Your goal: After dropping the pictures, give again exactly the lines of the data from its first line through the line with "sonoma jeans plus size", which is included as well.

Data block:
=== Begin Enclosure ===
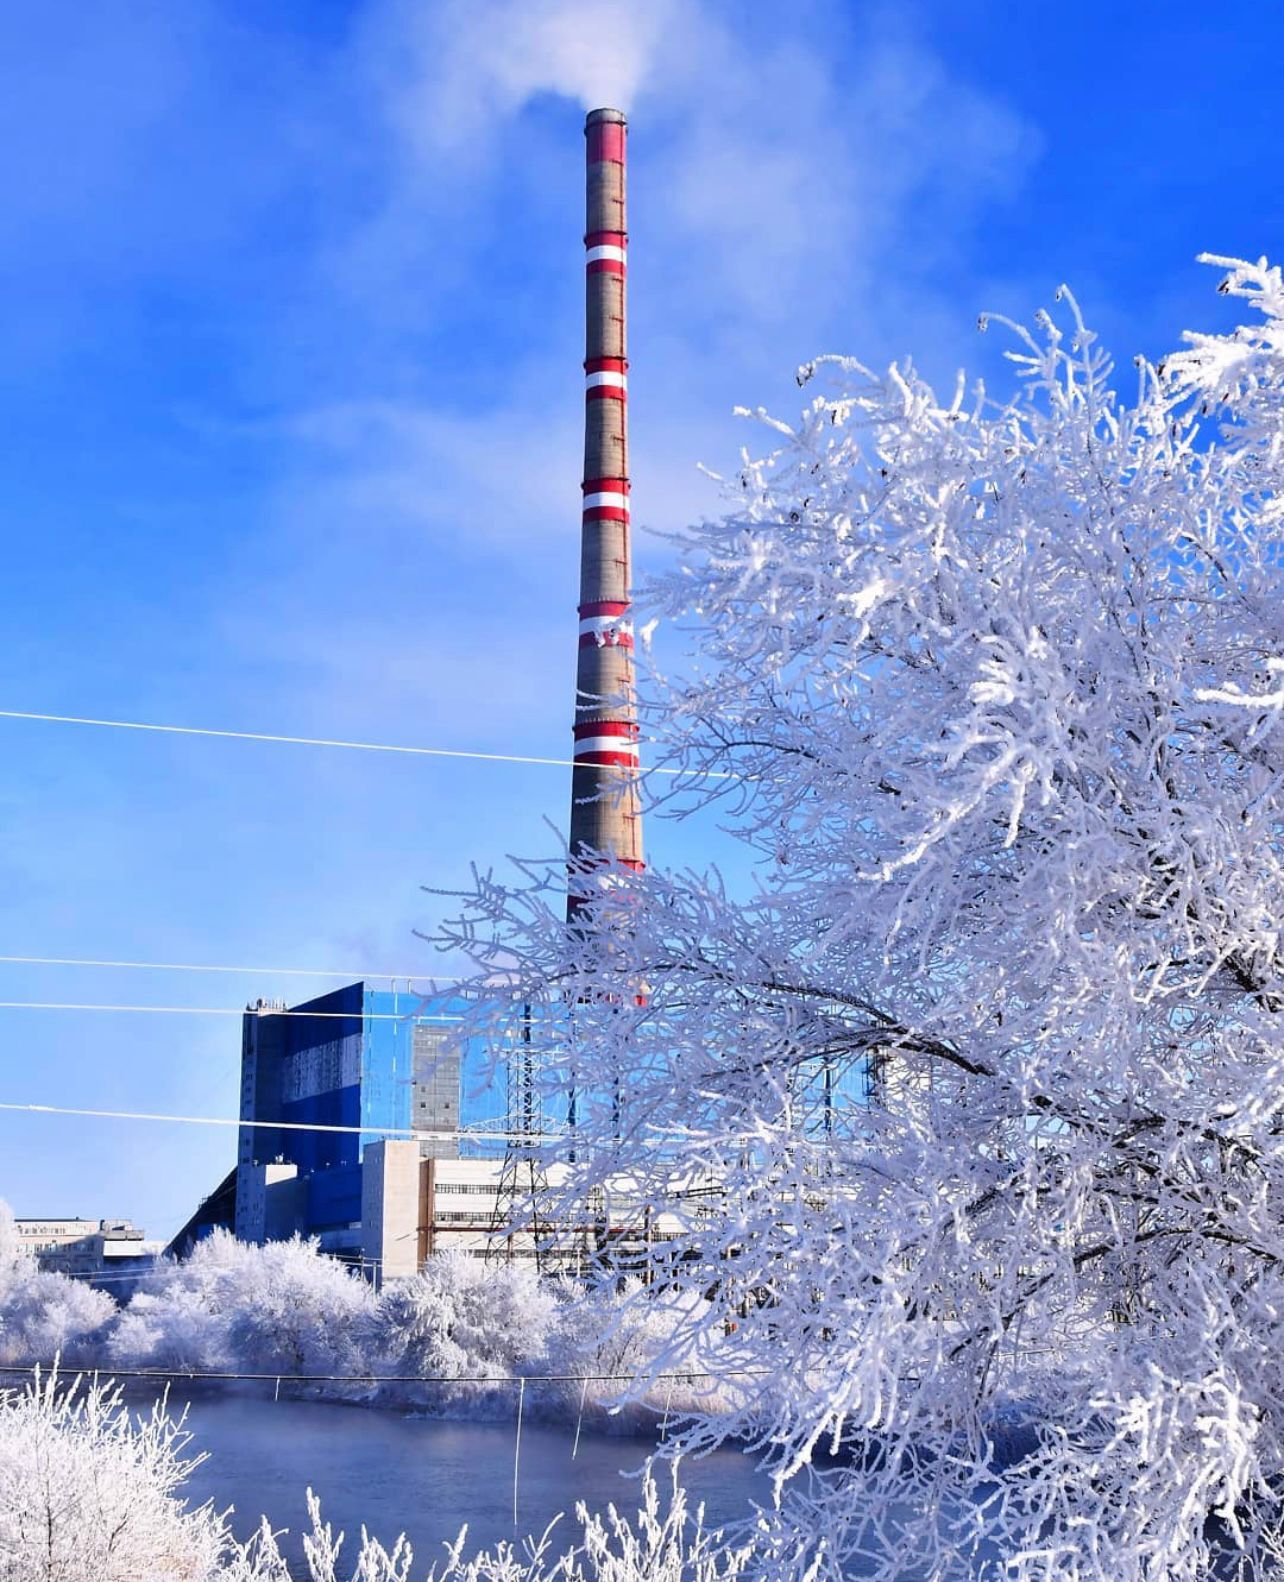 В ряде источников СМИ опубликована информация касательно выявления Прокуратурой Павлодарской области фактов растраты денежных средств, предназначенных на расширение и реконструкцию тепловой электростанции ГРЭС-2 с установкой третьего энергоблока.
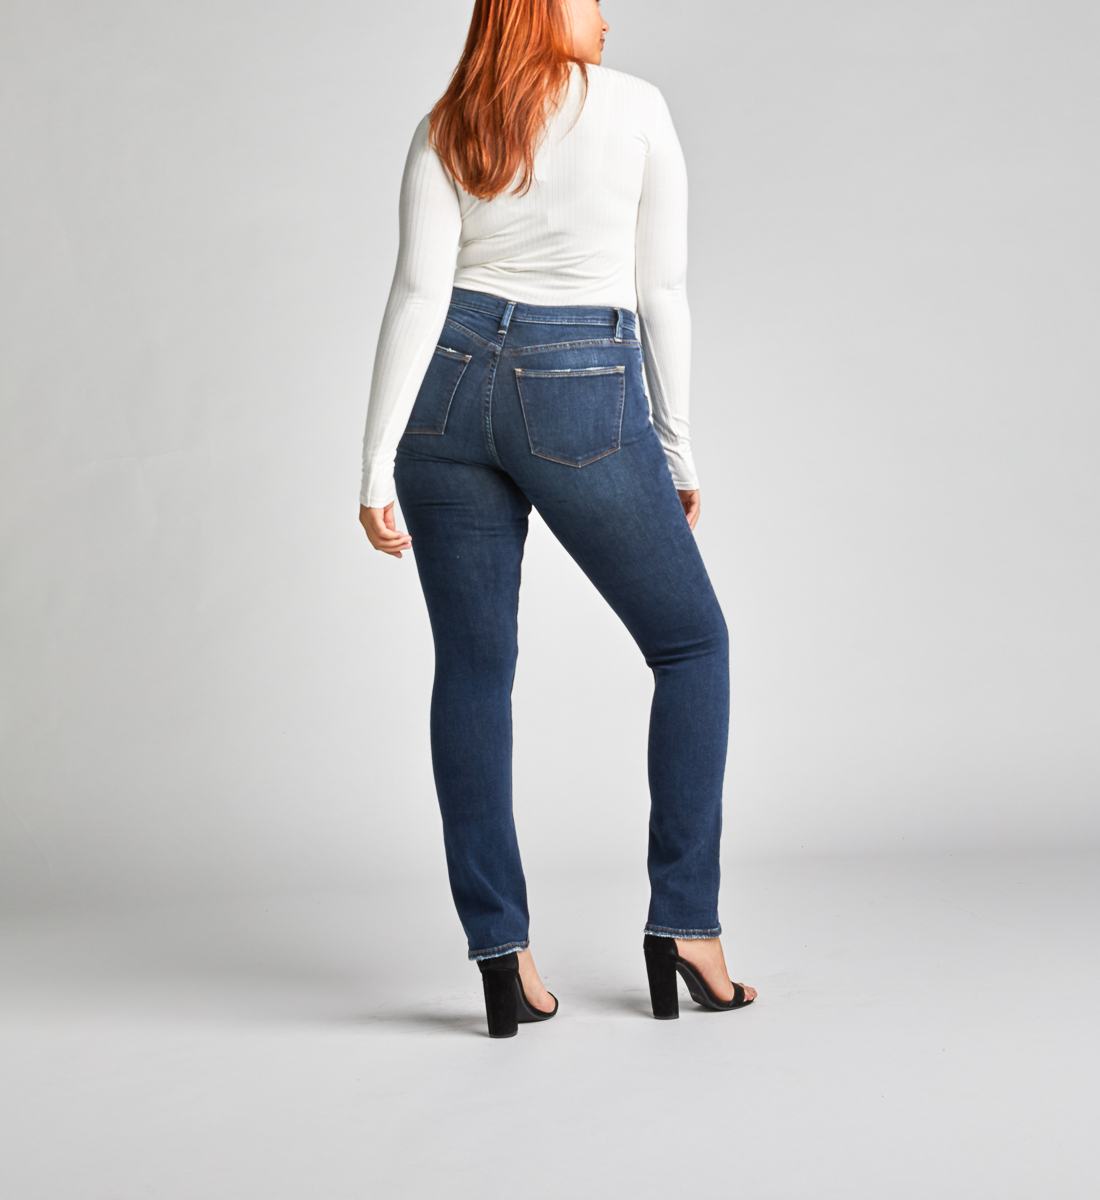 sonoma jeans plus size
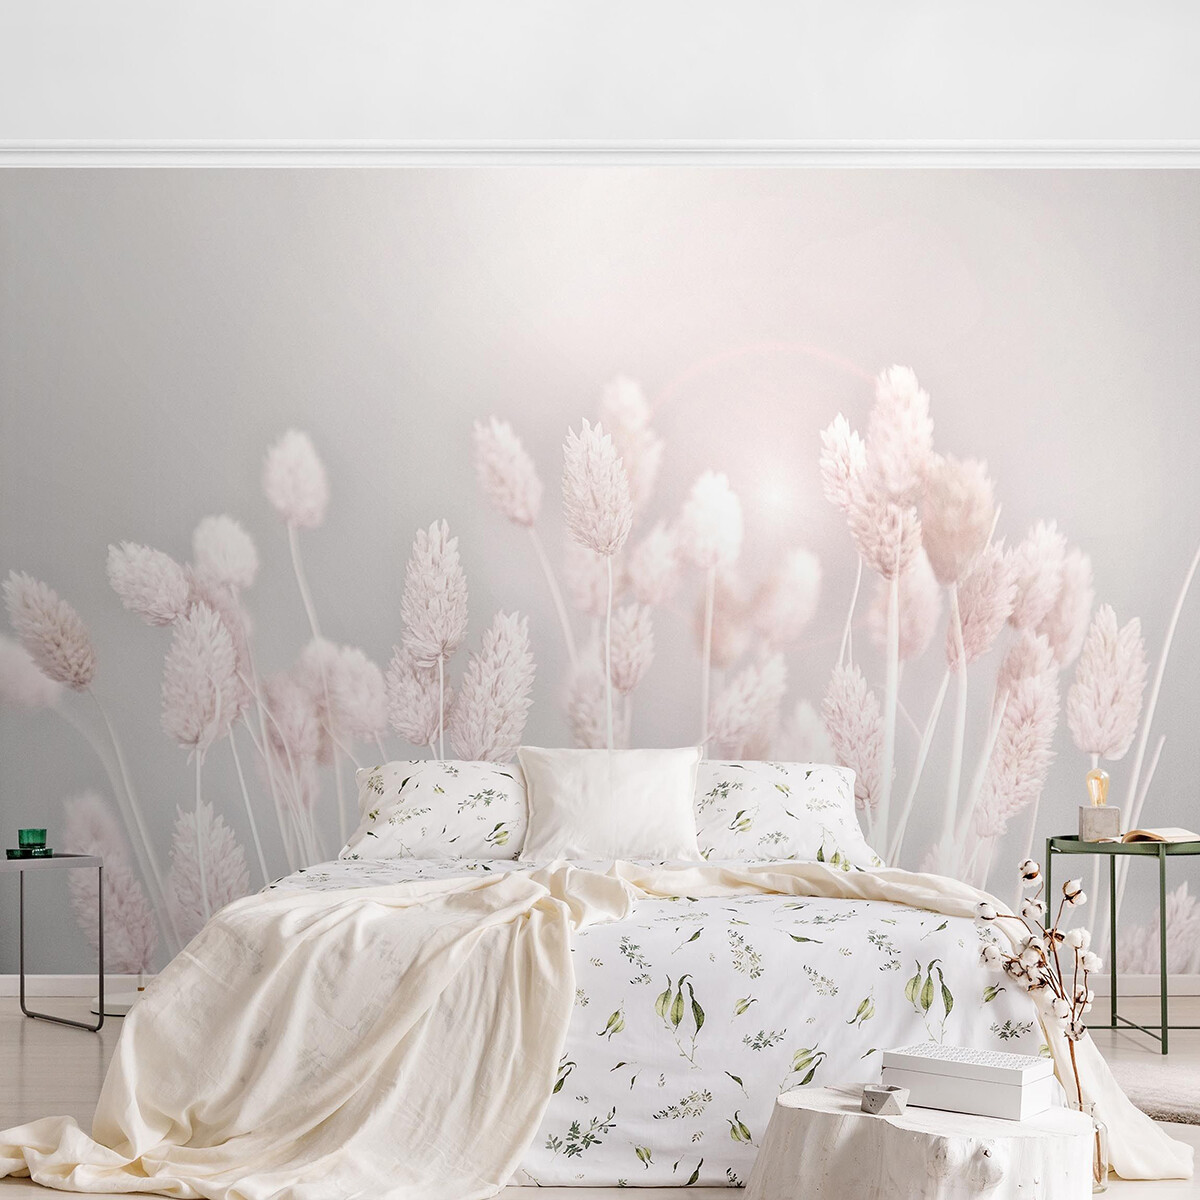 Tapete Schlafzimmer romantisch – Helles Gras im Sonnenlicht
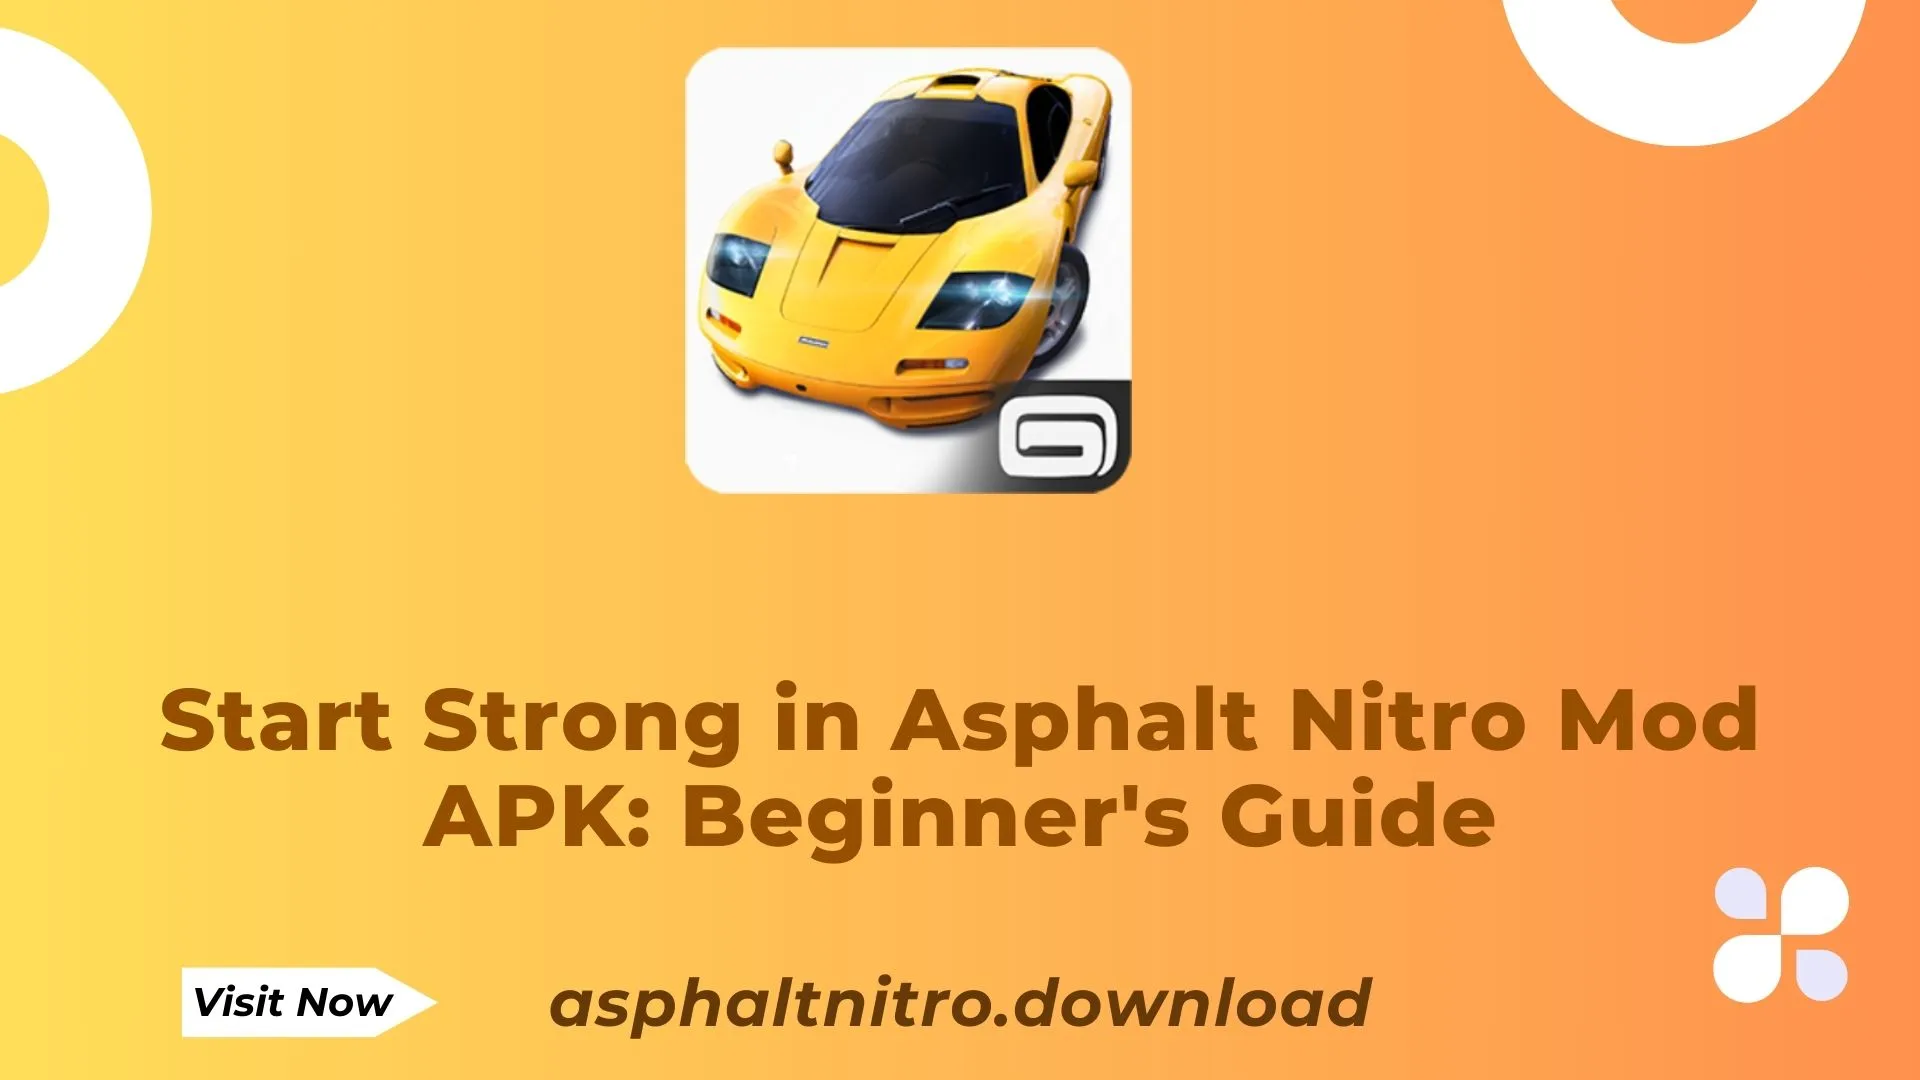 Start Strong in Asphalt Nitro Mod APK: Beginner's Guide
=== End Enclosure ===
Problem solution:
 В ряде источников СМИ опубликована информация касательно выявления Прокуратурой Павлодарской области фактов растраты денежных средств, предназначенных на расширение и реконструкцию тепловой электростанции ГРЭС-2 с установкой третьего энергоблока.
 sonoma jeans plus size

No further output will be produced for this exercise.